• _Provided data_:

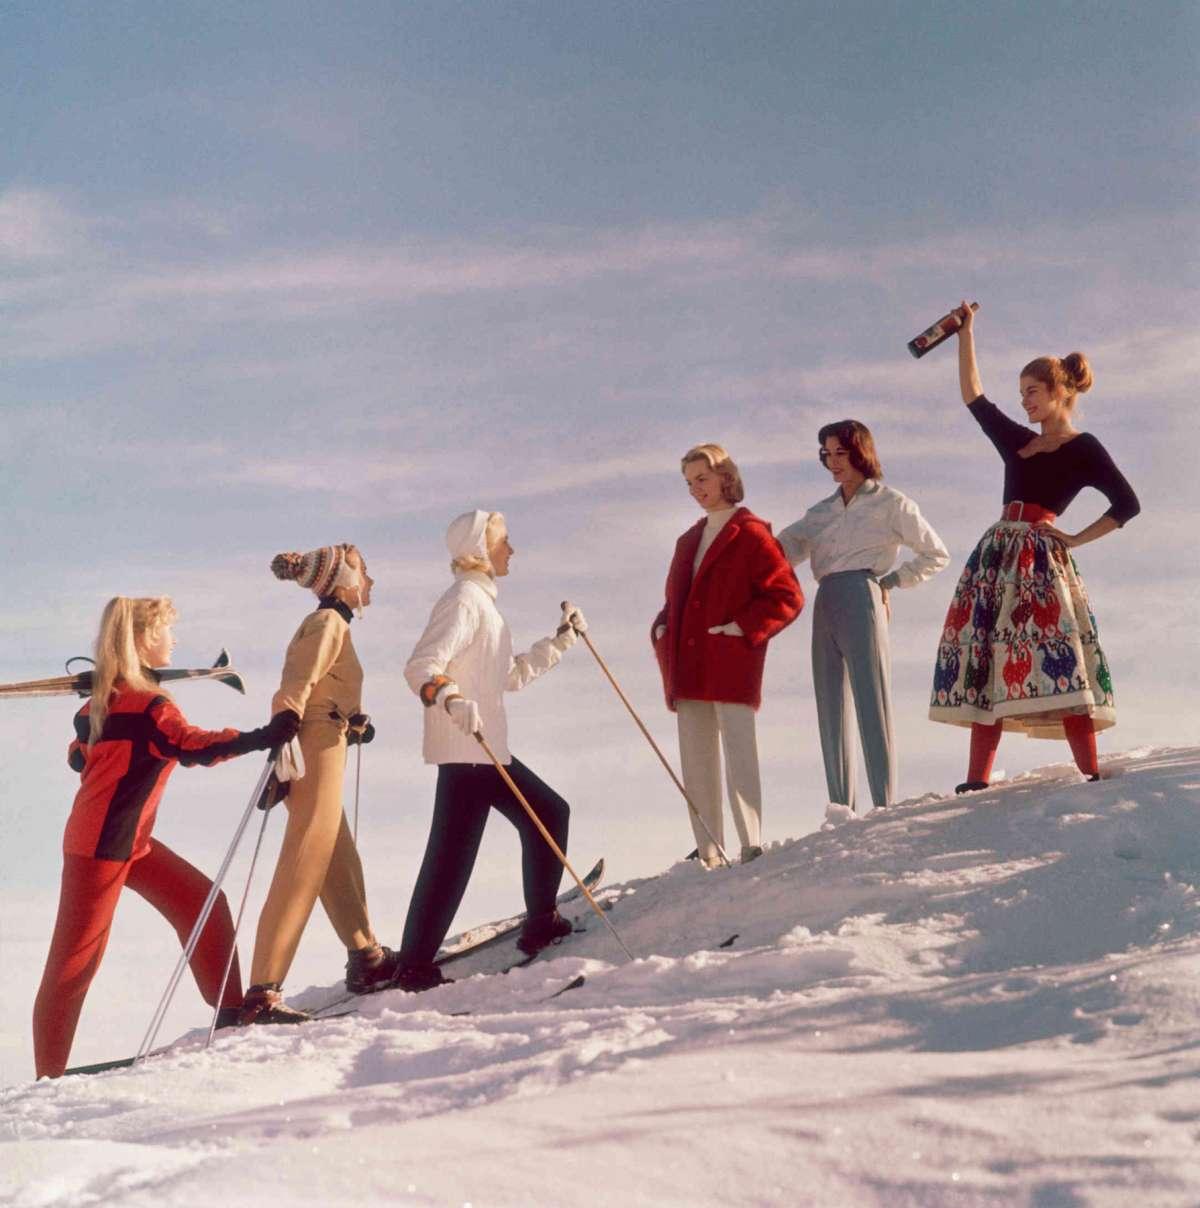 Winter style in St. Moritz
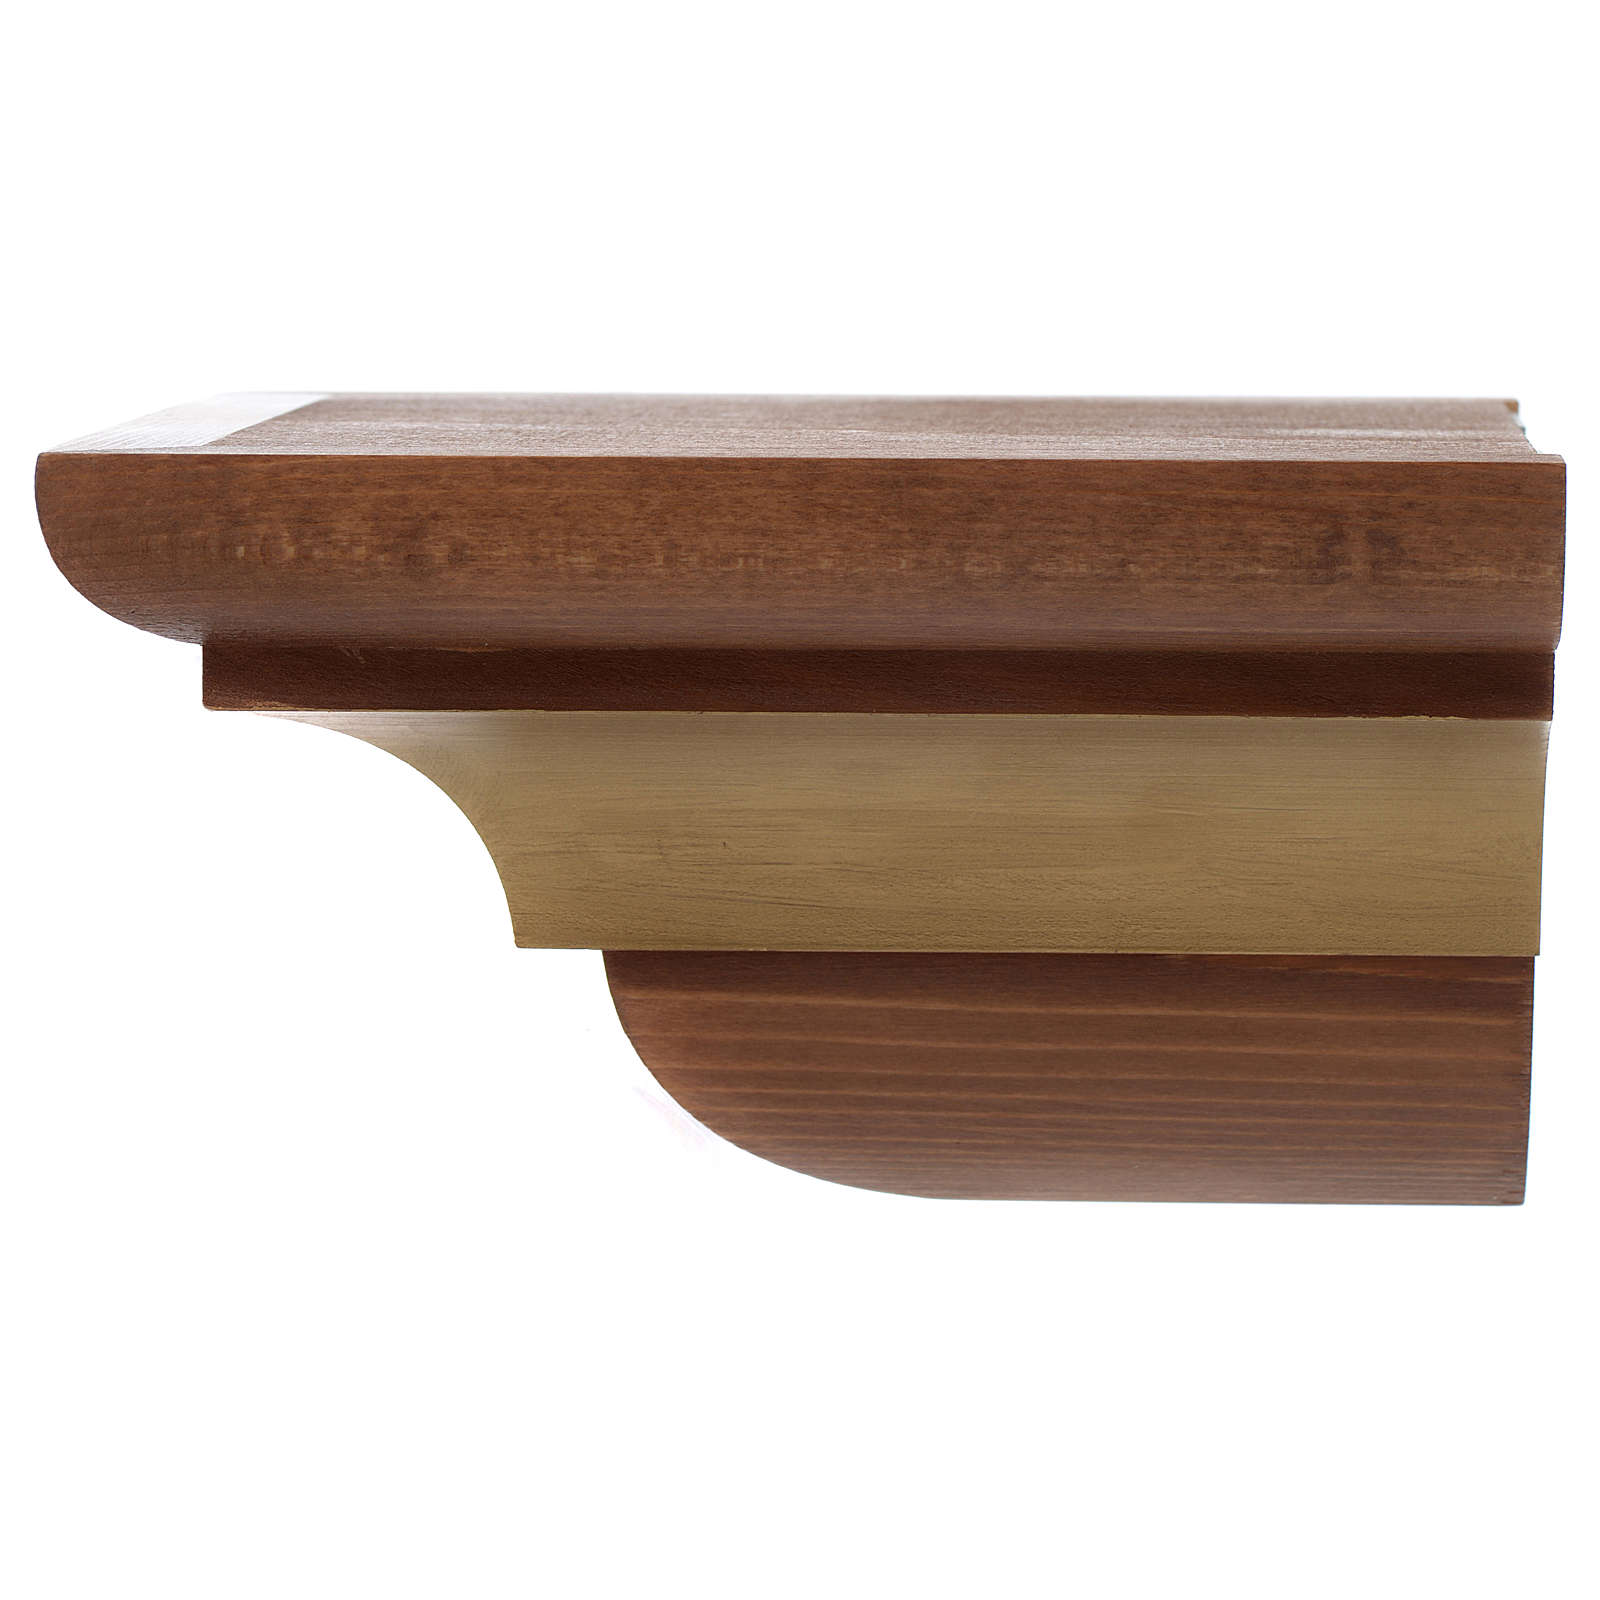 Ménsula madera Valgardena para pared estilo gótico 4
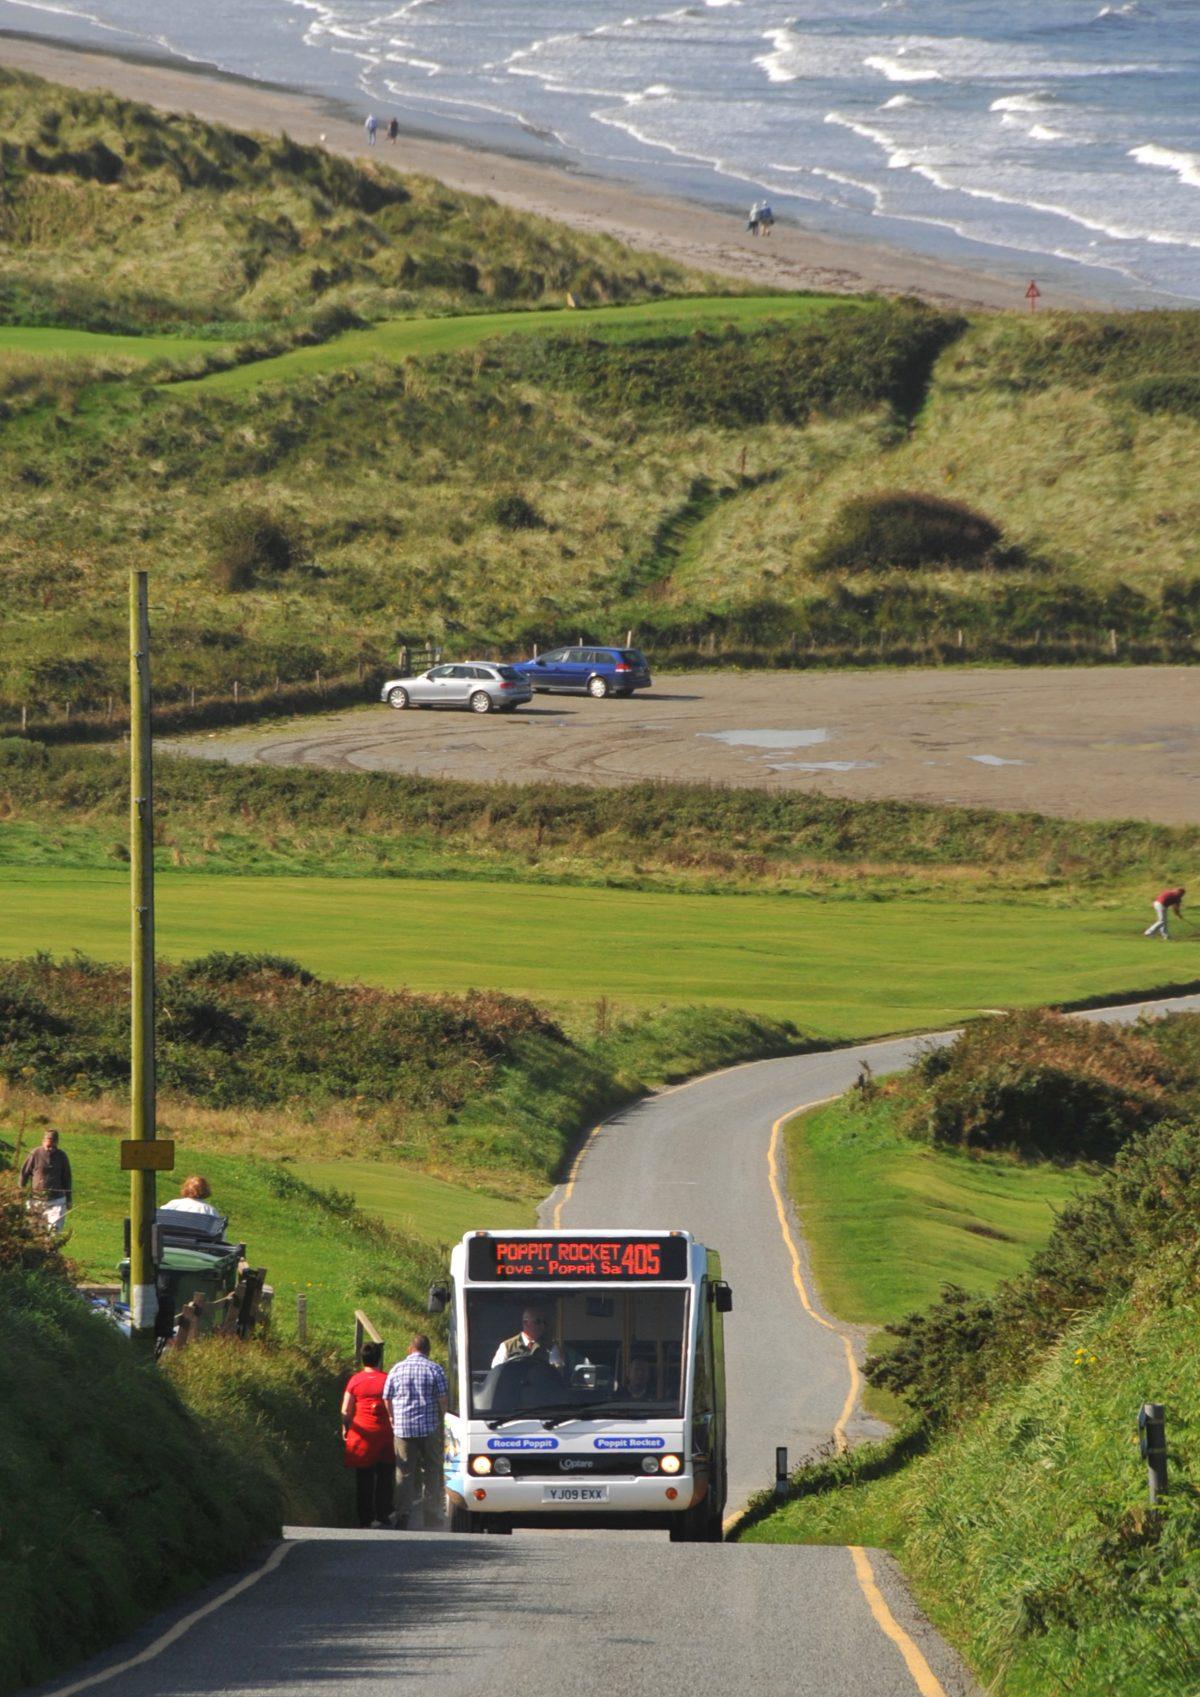 Bus picking up passengers on a narrow coastal road
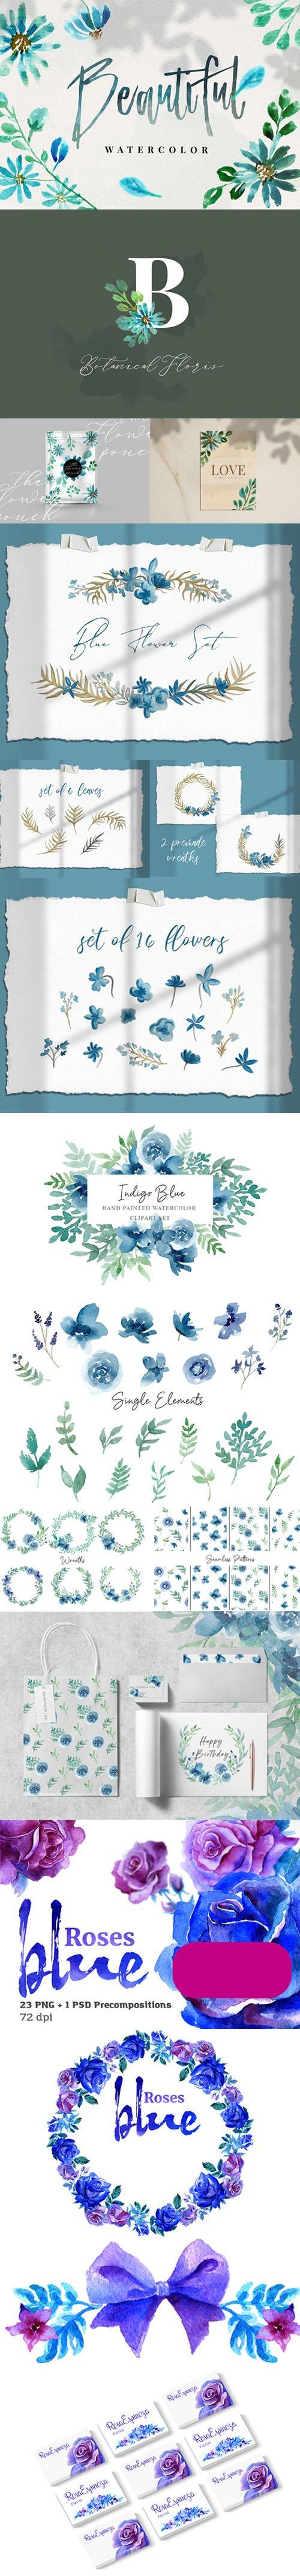 90+ Gracious Blue Watercolor Collection

• _Aim of the exercise_:
From the first line to the last, output the data exactly; skip any pictures.

• _Solution below_:
 Winter style in St. Moritz
 Ménsula madera Valgardena para pared estilo gótico 4
 Bus picking up passengers on a narrow coastal road
 90+ Gracious Blue Watercolor Collection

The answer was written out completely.